━━━ EXTRACTED ENTRIES

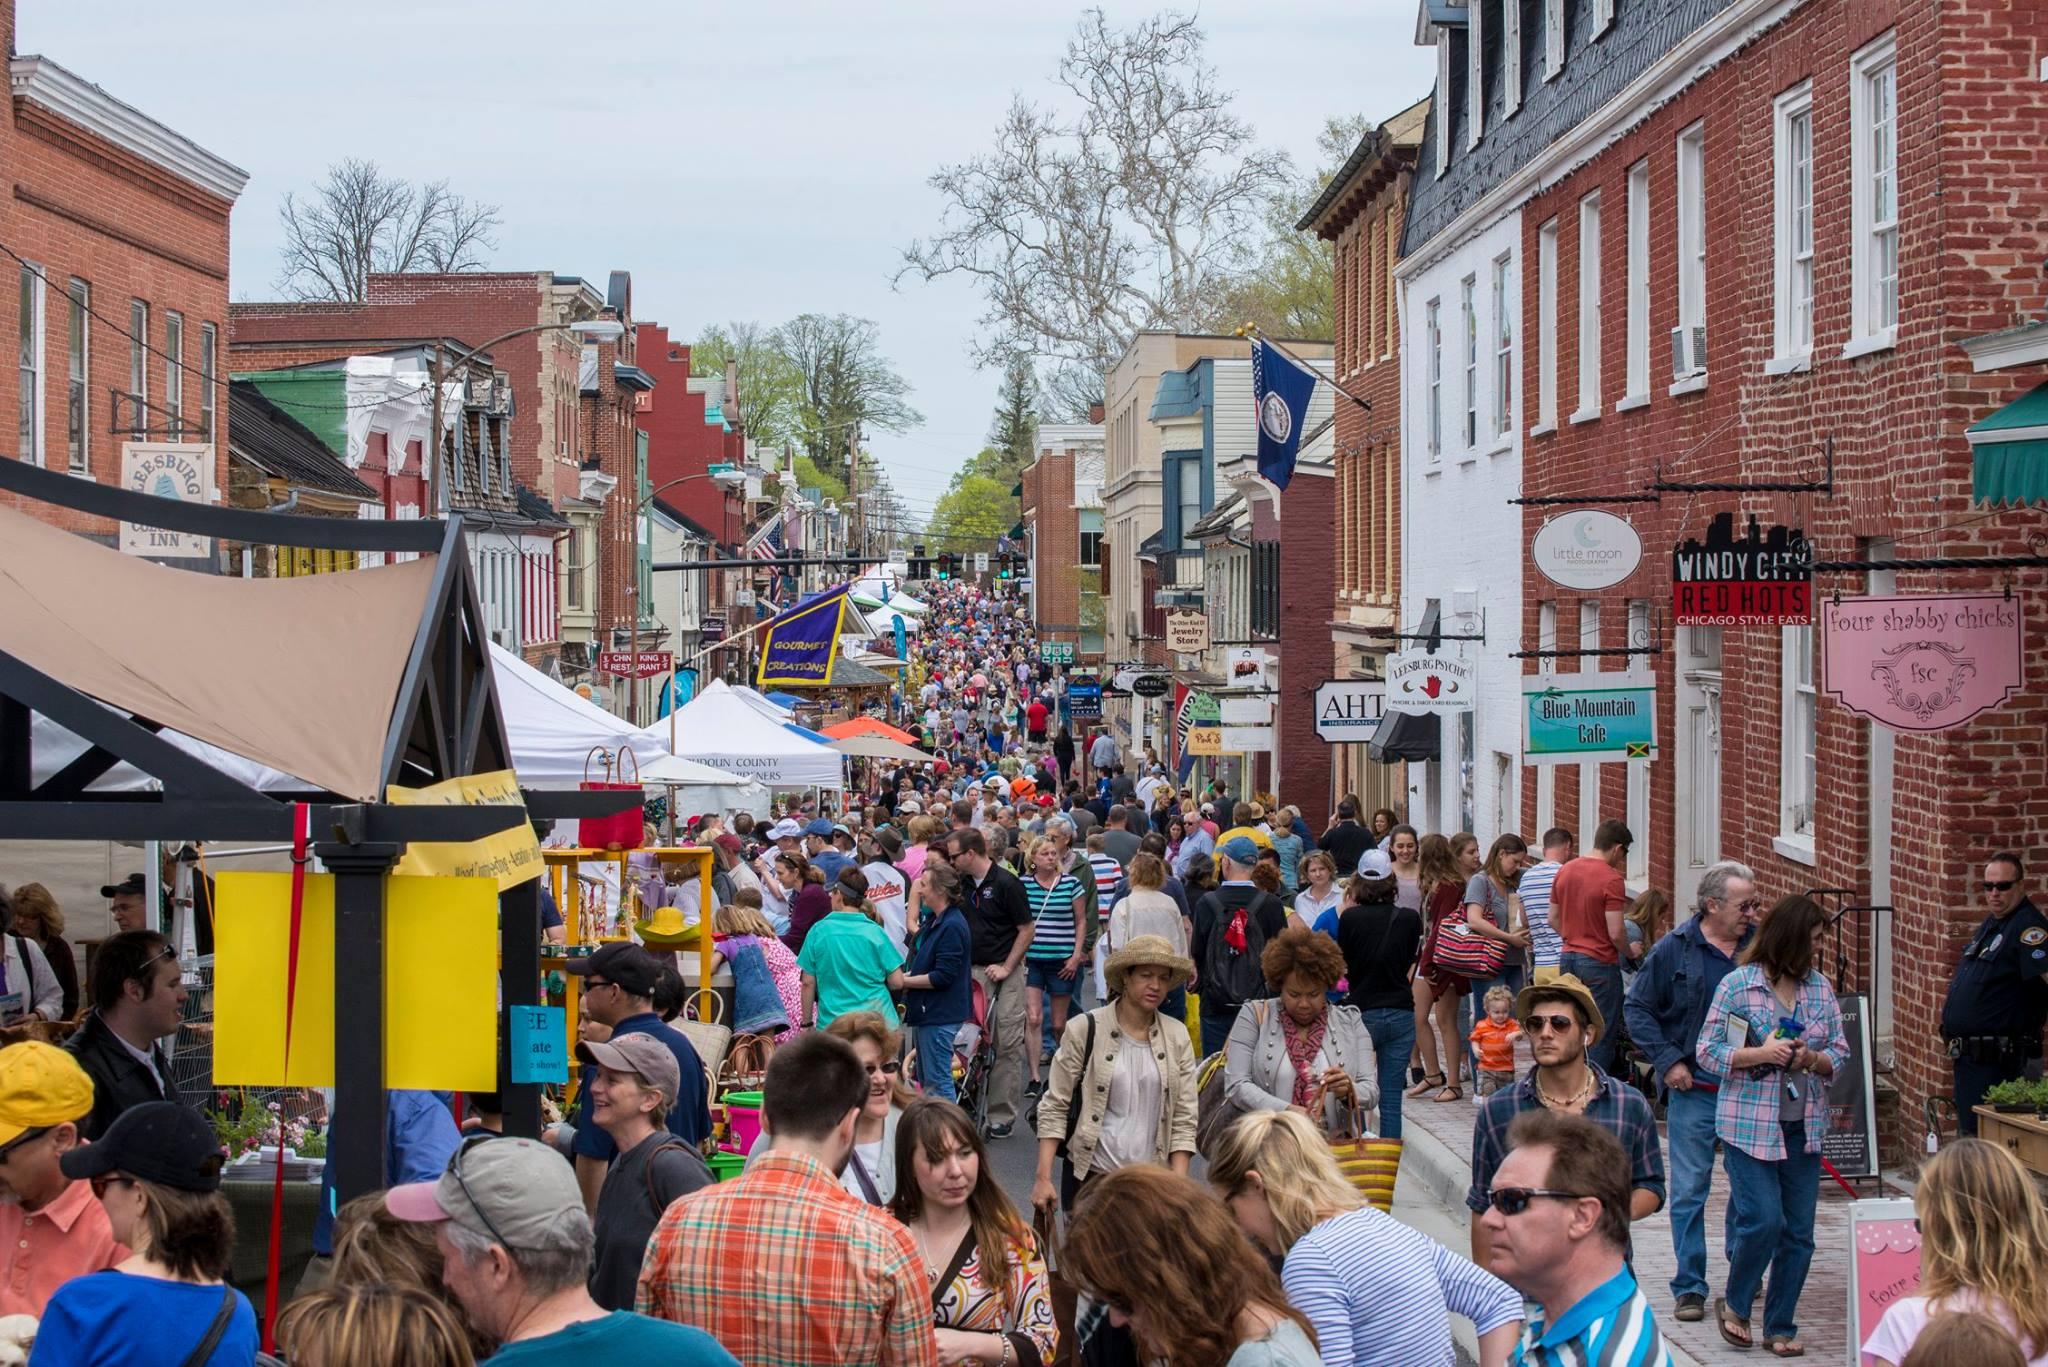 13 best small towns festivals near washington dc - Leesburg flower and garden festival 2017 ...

━━━━━━
━━━ EXTRACTED ENTRIES

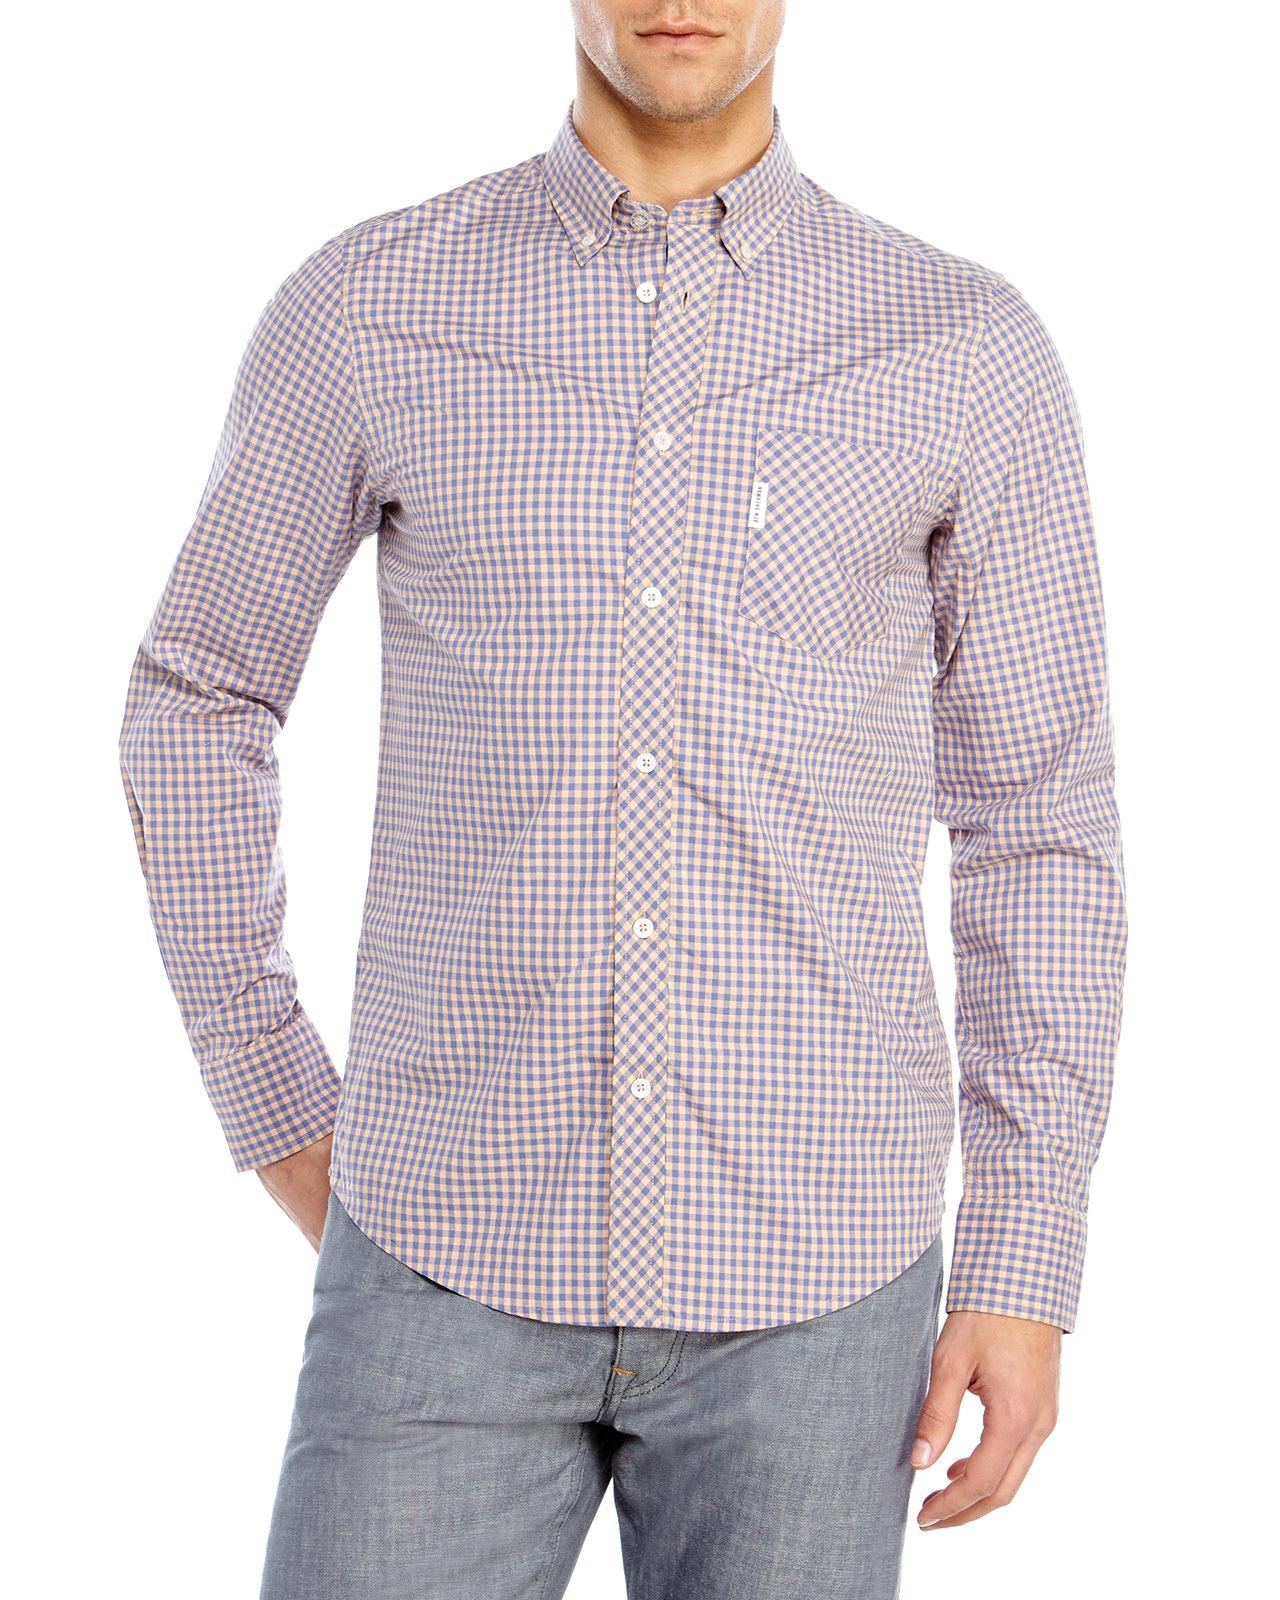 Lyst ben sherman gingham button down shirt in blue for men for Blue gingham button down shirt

━━━━━━
━━━ EXTRACTED ENTRIES

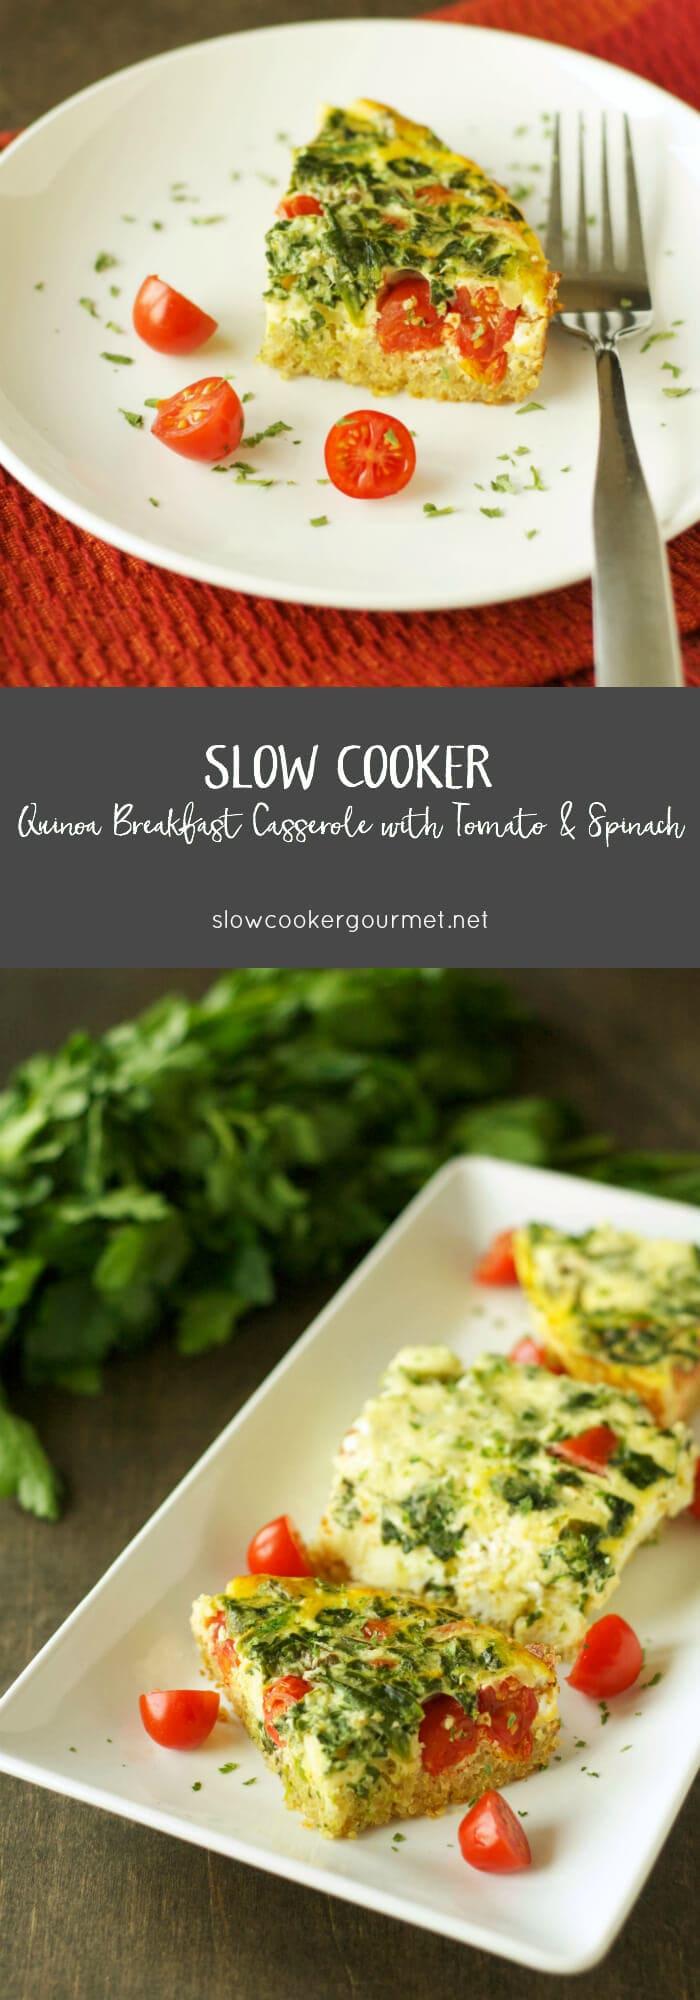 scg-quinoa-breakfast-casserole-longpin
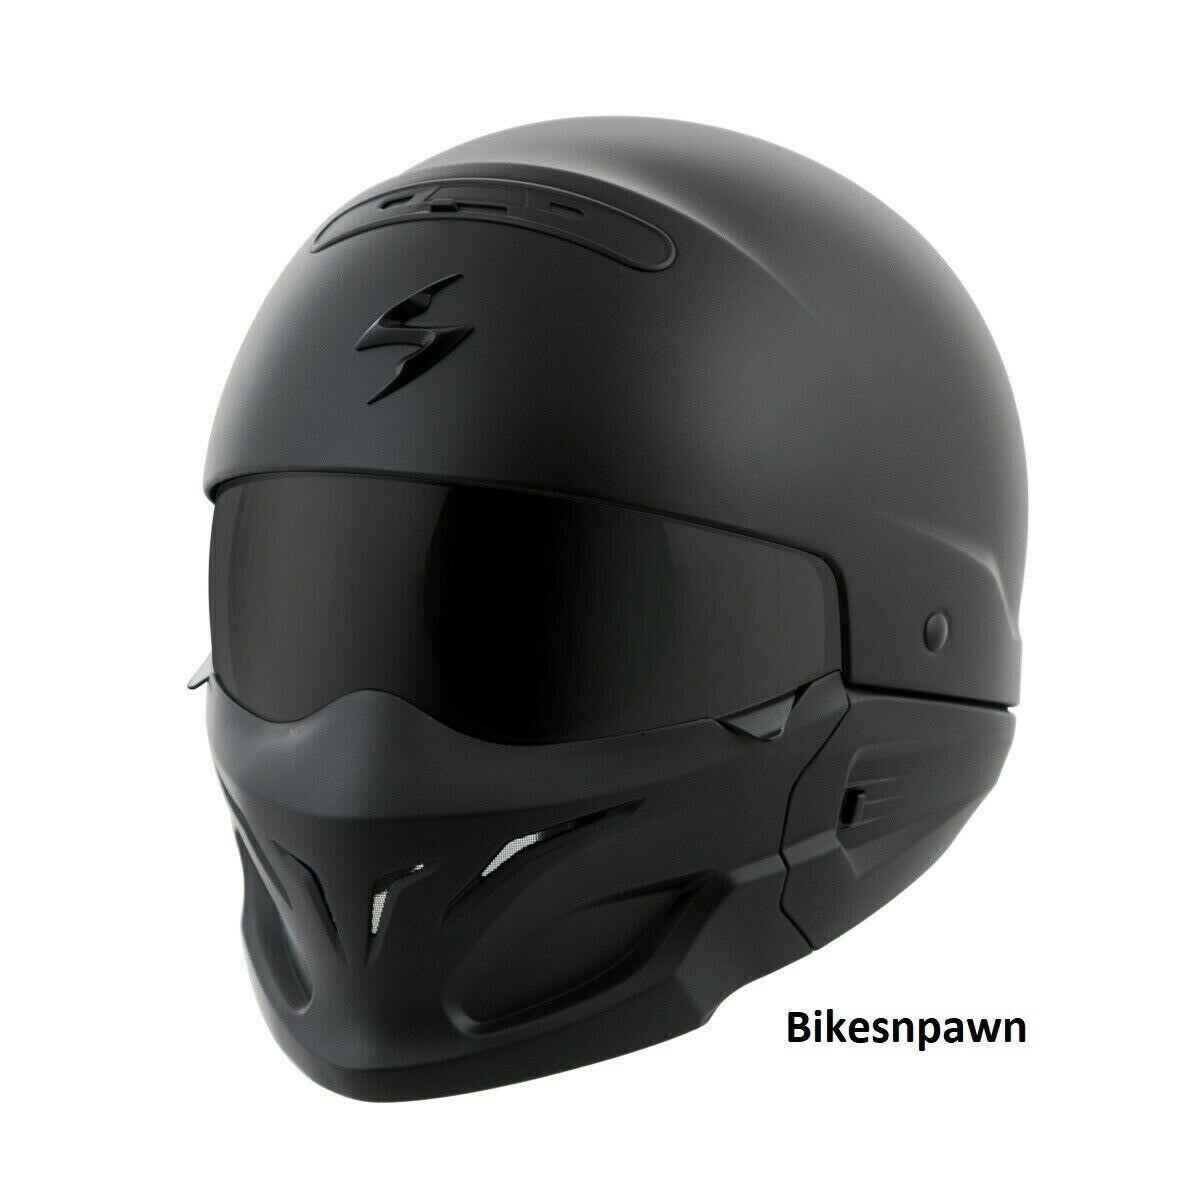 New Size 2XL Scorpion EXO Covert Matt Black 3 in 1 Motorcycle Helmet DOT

━━━━━━

=== TASK DIRECTIONS ===
Take the lines above starting at the one containing "scg-quinoa-breakfast-casserole-longpin" and ending at the one containing "New Size 2XL", and print them again exactly, without pictures.

=== SOLUTION BELOW ===
 scg-quinoa-breakfast-casserole-longpin
 New Size 2XL Scorpion EXO Covert Matt Black 3 in 1 Motorcycle Helmet DOT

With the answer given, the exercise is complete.